Unfortunately, I also developed an astonishing ability to not ask for help.  I have become so used to everyone being involved in their own busy lives that asking for help has become more of a burden on me than on those I'm asking.  Everyone around me has become so used to me taking care of myself, that they don't even worry I may be struggling.  Which is a good and bad thing. 

The point is, independence is good.  When independence becomes bad is when you can't let go of it.  Society often views too much independence as selfishness, but I don't see that - I see it as survival of the fittest.  We have learned to adapt to our surroundings and do what we can to survive. 

Hence, I've been both the man and lady of the house.  But where does that leave me in two months when I actually have a man of the house?  I've been having all sorts of break-downs discerning where I need to step up and where I need to let go.  For the record, I hate struggle letting go of control of a life only I have been in charge of for the past 16 years.

I also struggle with the definition of feminist in a worldly sense.  If you take it to mean that you believe a woman can do every bit as much as a man, although she has traits uniquely suited to a woman and she can embrace those as well, then, yes, I am a feminist.  Unfortunately, a lot of folks see "feminist" to be gung-ho girl power and down-with-men all in pursuit of "equality."
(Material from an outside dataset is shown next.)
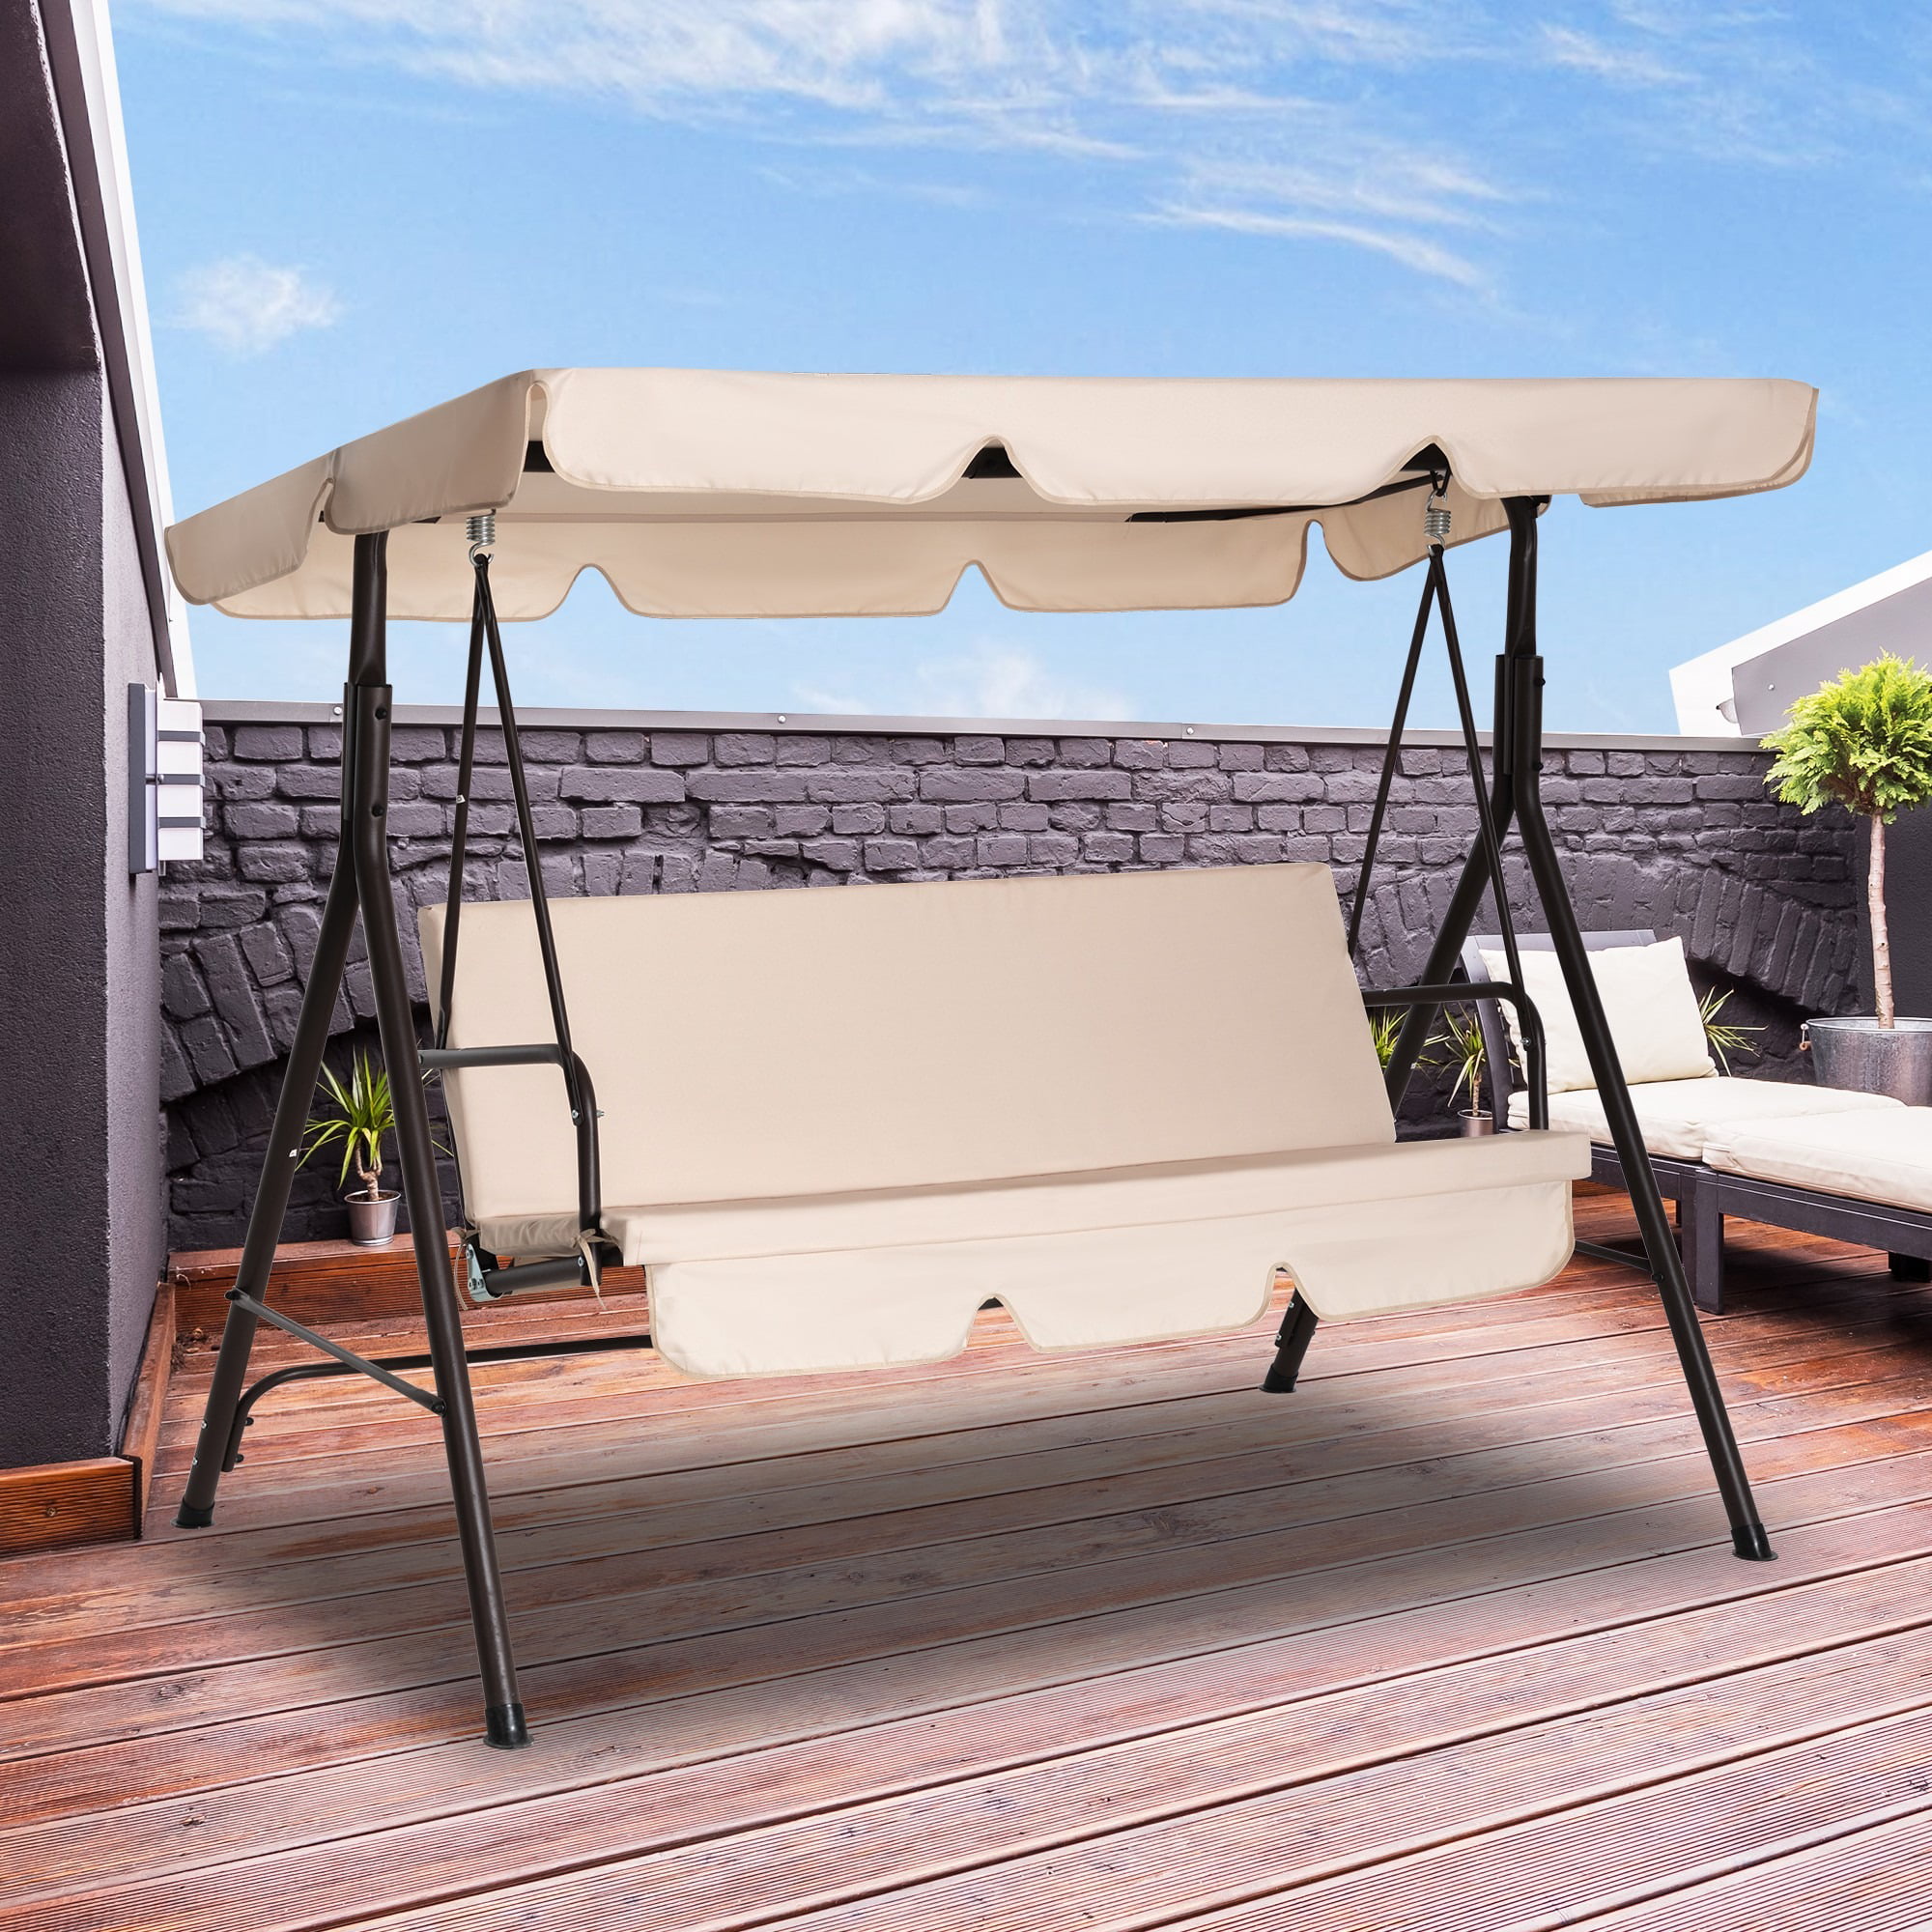 Details about   Outdoor 3-Seater Patio Porch Swing Chair Canopy Adjustable and Cushion Included 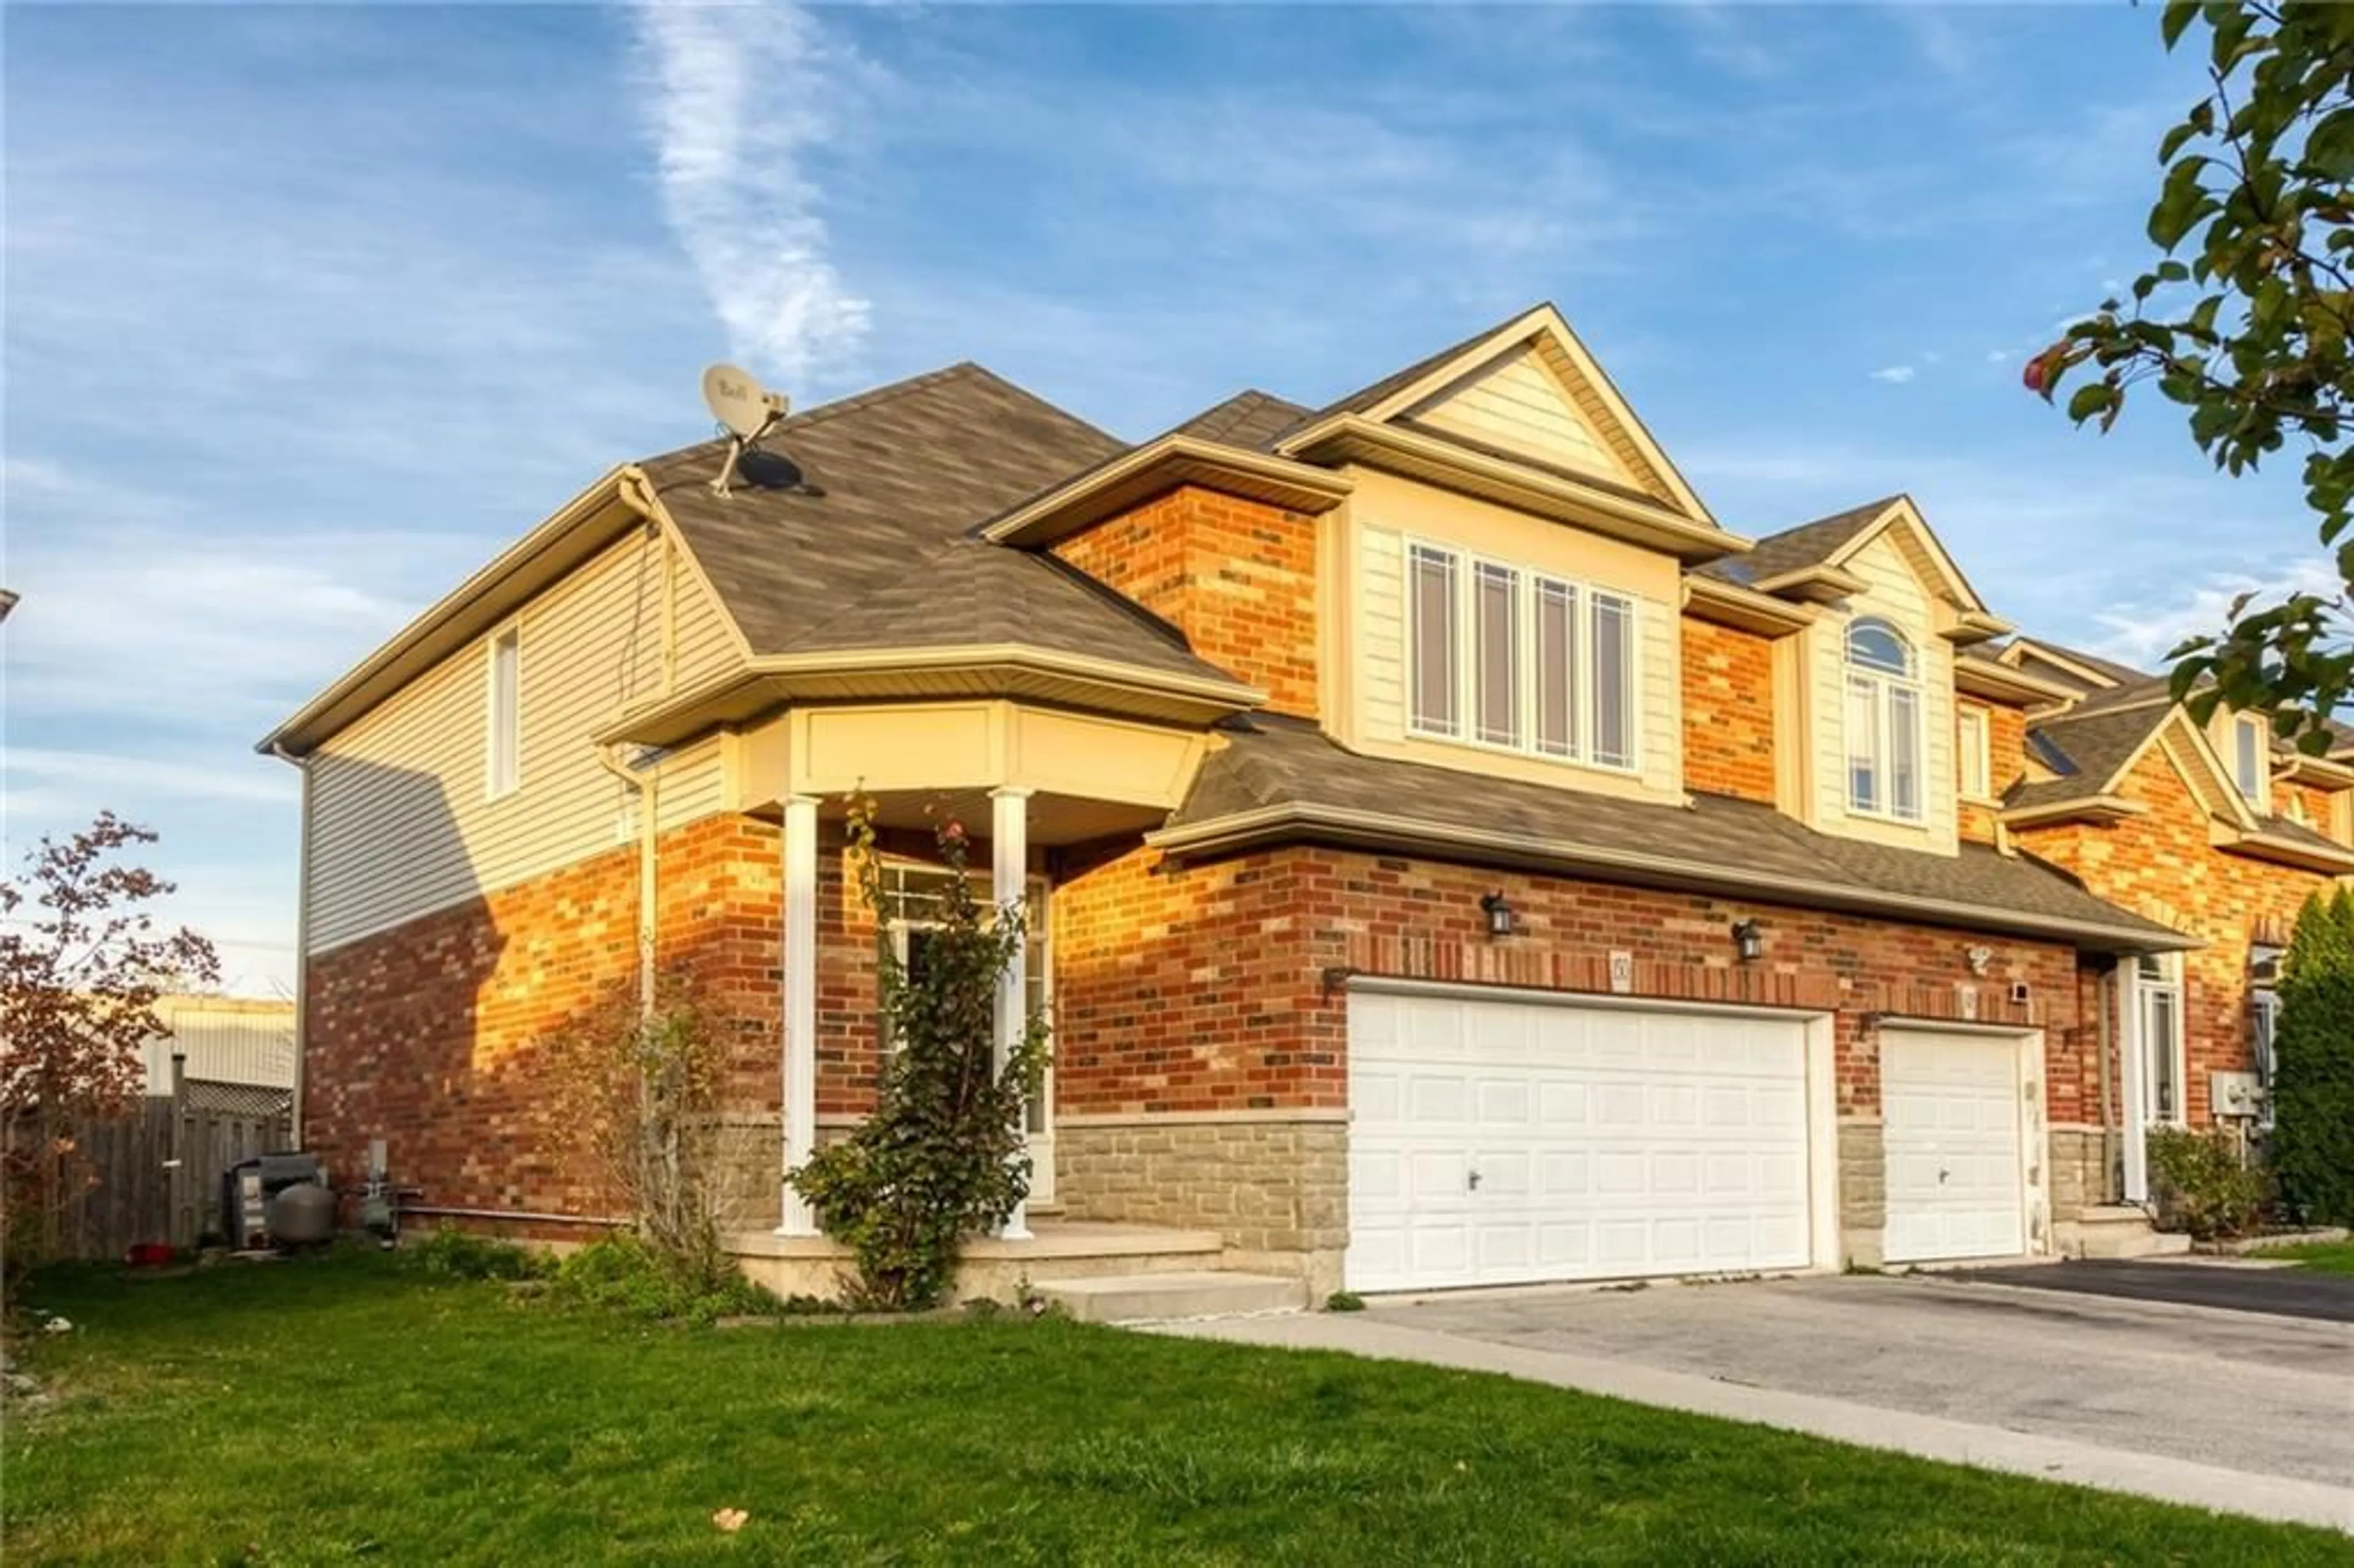 Home with brick exterior material for 150 BENZIGER Lane, Stoney Creek Ontario L8E 6G6

Through my feminist or not-feminist beliefs that a lady can do anything male or female, I am learning to be a girl.  I am learning the roles that perhaps my man of the house will be better and those at which I will be better, regardless of if those are stereotypical male or female tasks.  My fella actually cooks the most delectable popcorn around.      

Two days ago, I received a phone call from Rob, "You got a pink package in the mail."
Me, "A pink package!  Eeee!  I know what that is!  It's girl stuff!"
Rob, "Girl stuff?"
Me, "Makeup samples and nail polish and the like."

This continued and Rob laughed as he opened the package and my excitement escalated with each item he opened.  When we hung up the phone, I happened to be standing in front of the mirror, and I looked at the reflection in front of me.  I looked at the beaming delicate, feminine face.  I have masked my excitement for being a girl for too long, perhaps afraid that if I let her out too often, I'd lose my ability to also be rationale, level-headed, and genderless. 

The thought hit me, "I'm allowed to be a girl now!  I can embrace girl stuff!"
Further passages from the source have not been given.